Spanglish Cocina+Bar brings Cuban-American cuisine and Miami vibes to West Ashley

by Lorne Chambers | Editor

One of West Ashley’s most anticipated restaurant openings in years happened last month when Spanglish Cocina + Bar finally opened its doors along St. Andrew’s Boulevard in the building previously occupied by Blue Rose Café. In less than two years, owners Tomas and Lynda Prado have taken Spanglish from concept to concrete … or brick and mortar.

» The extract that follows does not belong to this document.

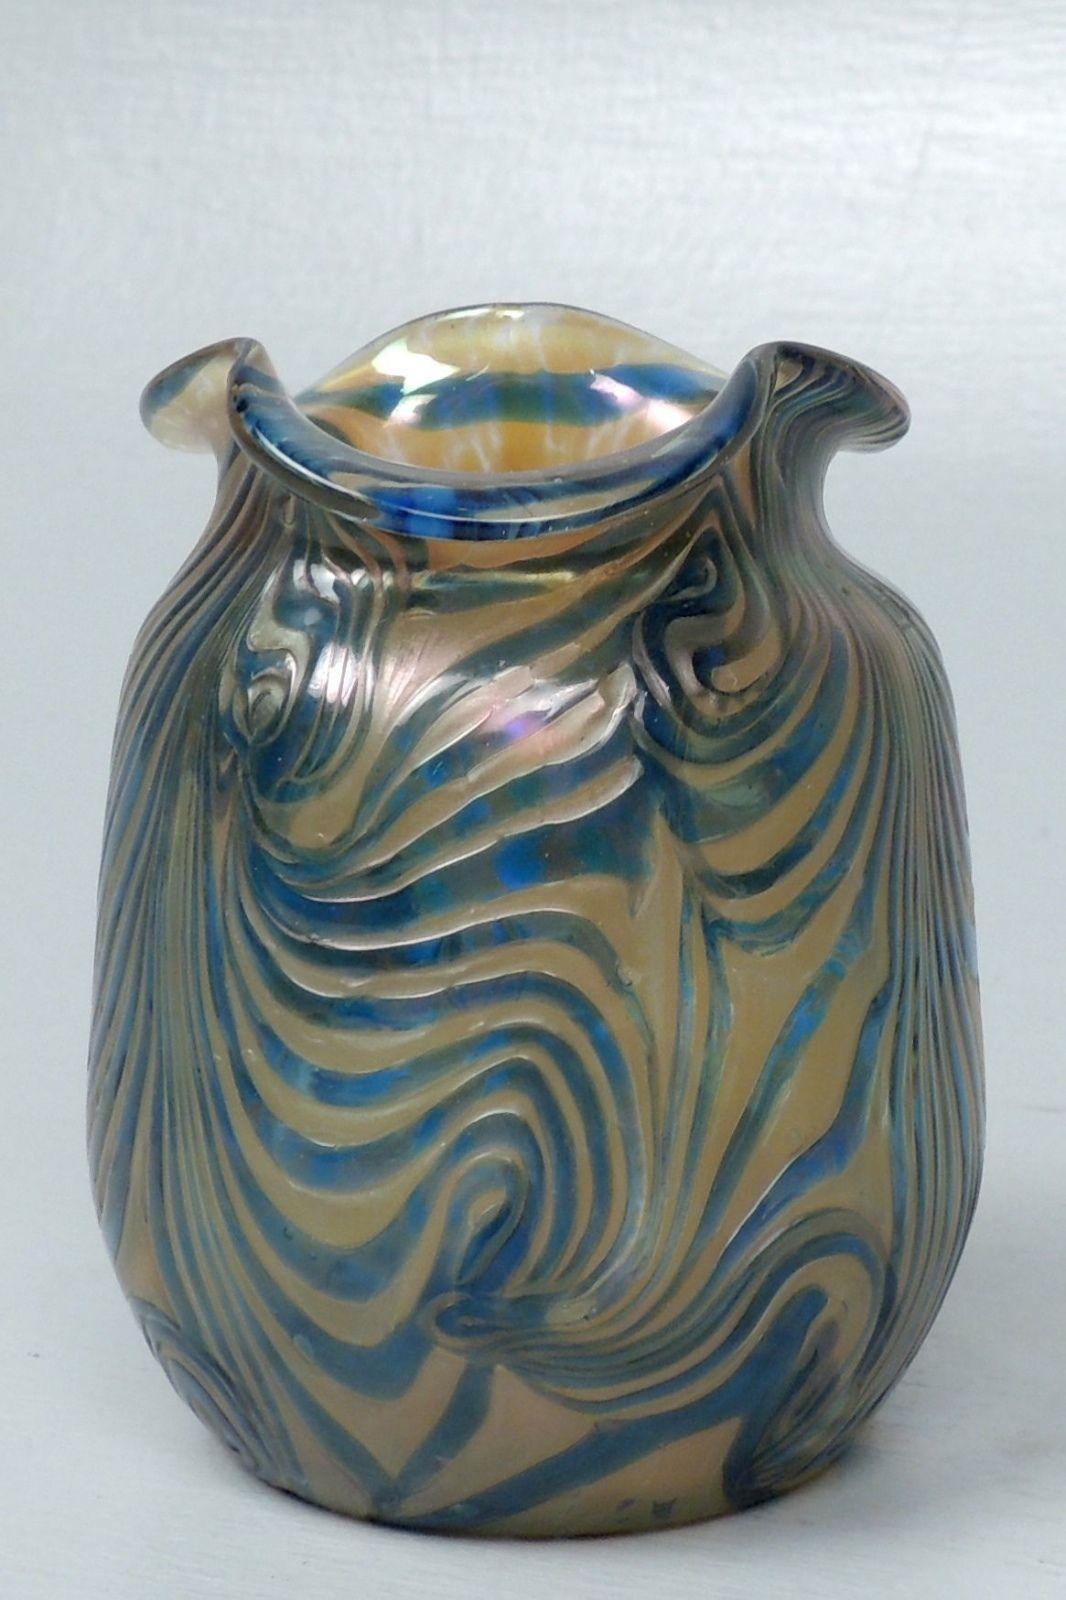 Antique Kralik Blue On Gold Art Gl Vase Pulled Feather King Tut Loetz

Before Spanglish had a physical location to call its own, it was first introduced to Charleston as part of The Workshop, which serves as kind of a rotating test kitchen for new restaurant concepts in downtown Charleston. After a six-month stint at the experimental food court, the Prados began aggressively looking for a permanent home for their eatery. But folks who had already developed a taste for their fresh take on Cuban-American fare couldn’t wait. And so for the last year, Spanglish existed as a pop-up, showing up regularly around town at spots like The Daily and Palmetto Brewery downtown and in West Ashley at Charlestowne Fermentory and Craft Conundrum, which closed earlier this year.

When the Bluerose Café space became available, Lynda Prado knew they had found a home for their restaurant. “We loved the idea of coming to West Ashley. Not only is it a wonderful location, but we wanted to be a part of the neighborhood,” she says, who appreciates the history of the building and the loyal customer base that the original Bluerose Café had built within the community. She hopes Spanglish will establish a similar place in the hearts of the West Ashley community.

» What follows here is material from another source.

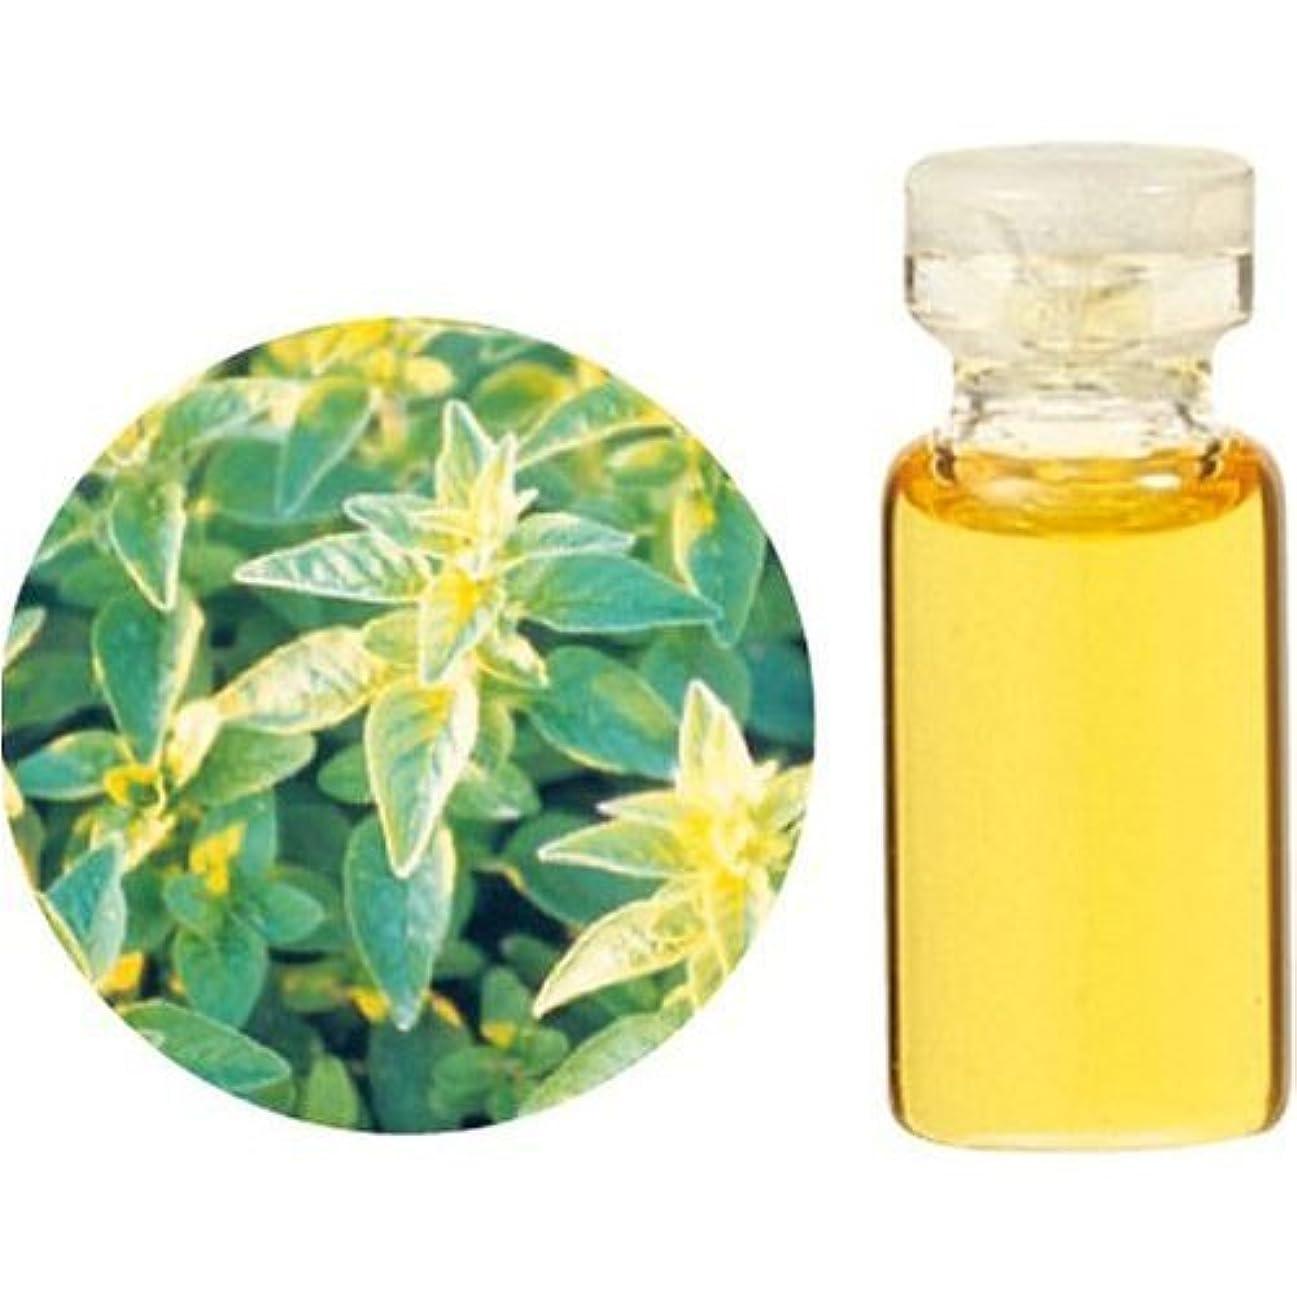 その間非常に打撃生活の木 Herbal Life レアバリューオイル メリッサ 1ml

“So far it’s been incredible. More than I expected. Just in the first couple weeks, we’ve had quite a few regulars who have come in numerous times,” says Lynda. With the sleek Miami-inspired neon vibe, the inside of the building looks completely different than Bluerose. However patrons might see a couple glimpses of the old Irish café. For one, the shamrocks that were etched into the patio remain. “I wanted to keep that because there’s a little history that comes with the neighborhood,” says Lynda. “We wanted to honor that. But at the same time we want to offer something fresh and new.”

While Spanglish might be a big deviation from the building’s former tenant, Lynda hopes Bluerose patrons will give Spanglish a chance. “What we’re doing is approachable because the food is very approachable. I like to say ‘it’s a warm culinary hug,’” she says. “The concept is a Cuban-American concept. We’re keeping the traditional Cuban flavors and giving it a modern twist. But it is NOT fusion.”

Less than a month since officially opening, the response has been incredible, according to Lynda. She says when they first opened their doors they were selling out of food almost nightly and there were often hours-long waits. But she recognizes that these are “good problems” for any new business and says that they are finding their groove and is grateful for the community’s response.

Currently open Tuesday through Saturday for dinner service only, Lynda says there are plans for Spanglish to open for lunch in the very near future and adds that brunch is also in the cards. Also, she says they’re applied and are currently awaiting a liquor license. But for the time being, Lynda encourages patrons to bring your own bottle of wine or favorite beer. But she also points out that Spanglish offers some seriously delicious mocktails, too.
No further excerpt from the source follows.